# Mini stuck in guided setup after loss of DVR



## sddjd (Feb 3, 2009)

Like many others here the past year our Mini has worked acceptably (I say so because at least once a week it crashes and requires a reboot). A few days back the Mini decided that it couldn't contact the DVR or internet. 

NO changes were made to our home network, no power outages, no additional network devices, nothing. 

Internet- bogus message as the unit had no problems connecting to the Tivo service.

Two days ago it was possible to manually go into the menus and select the Roamio DVR. Yesterday the Mini again claimed it lost the DVR. This time however the Roamio is listed but with a red circle.

The entire network chain of hardware has been reset. The Roamio has been restarted and connected to the Tivo service. The Mini was reset/powered off and on. At the advice of posts here I restarted guided setup on the Mini. 

Now the Mini is stuck in guided setup loop, refusing to proceed or quit due to its inability to see a DVR. The network is live and working as I can see the Mini. There are no problems on the network for the rest of the house.

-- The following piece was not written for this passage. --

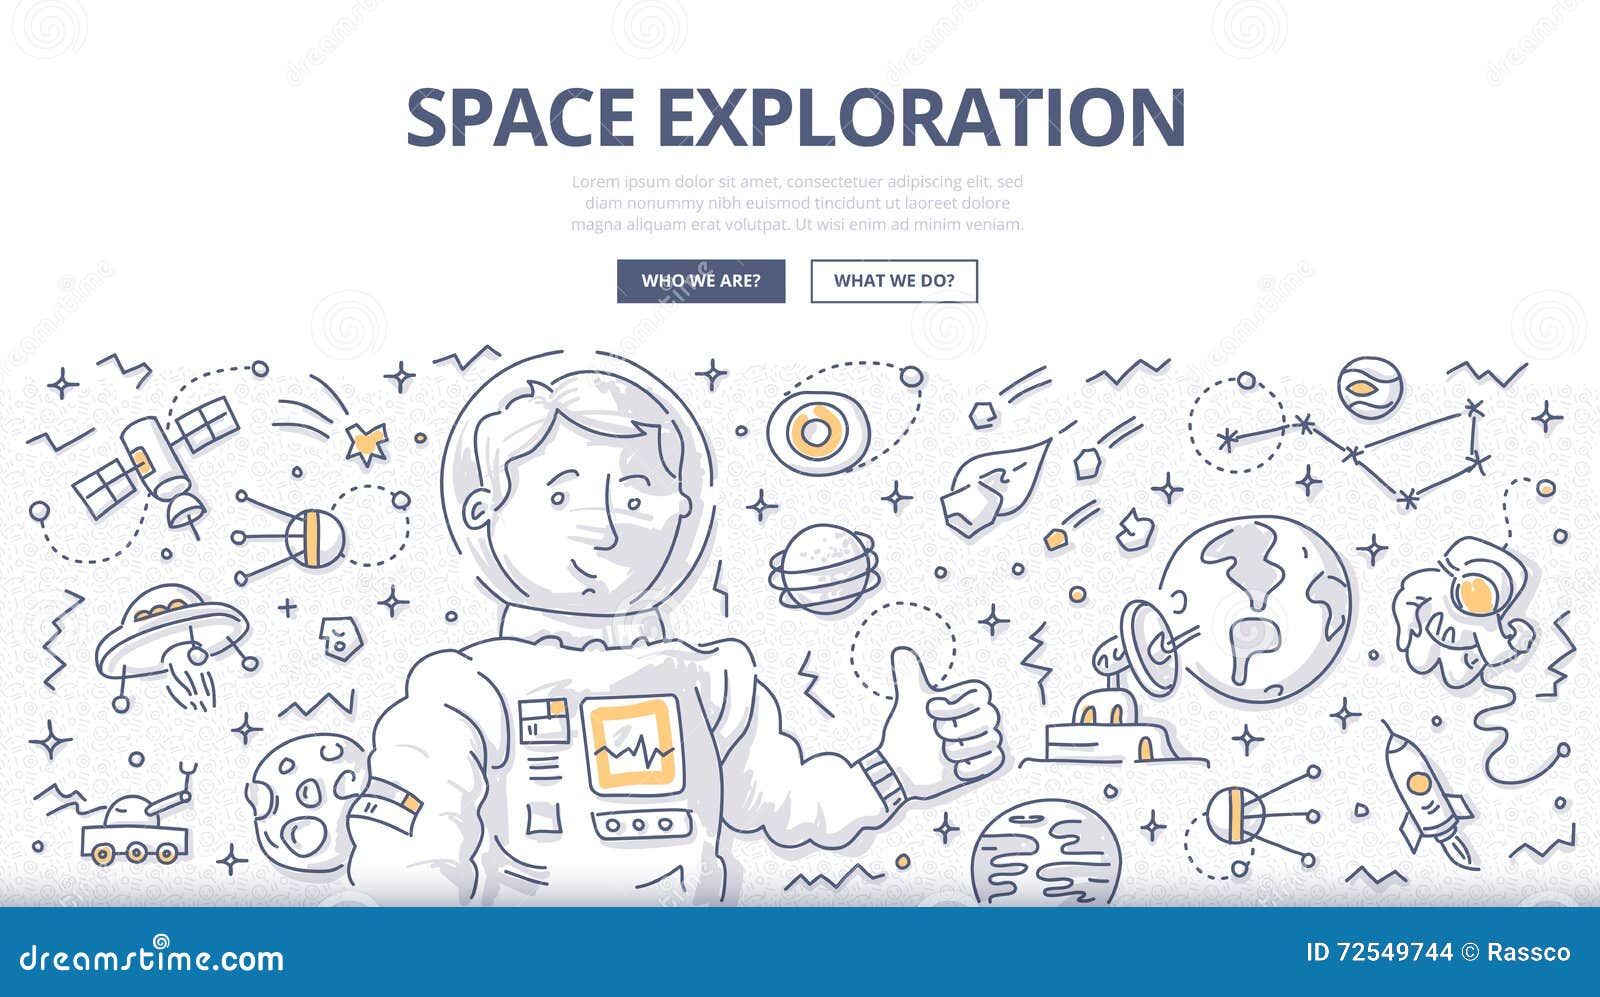 space exploration doodle concept

What course of action is recommended aside from putting the Mini in the bay and discontinuing my Tivo subscription?


----------



## slowbiscuit (Sep 19, 2006)

Put the Mini on the same switch as the Roamio. No routers, just the two boxes. If you get it paired then move it back to where it was.


----------



## kennedy (Aug 16, 2006)

Similar thing happened to me. I was trying to use moca for the connection during guided setup. Had to hook it up via Ethernet cable to make the initial connection, then I was able to switch back to the moca. Been fine since.


----------



## HarperVision (May 14, 2007)

I've had to do the same thing on initial setup of one of my Minis as well, but if I recall I also remember a suggestion to change the name of your server Roamio on TiVo.com and then initiate a call to their servers so the name is updated on the unit itself, then attempt to reconnect the offending Mini to the newly named Roamio. Good luck!


----------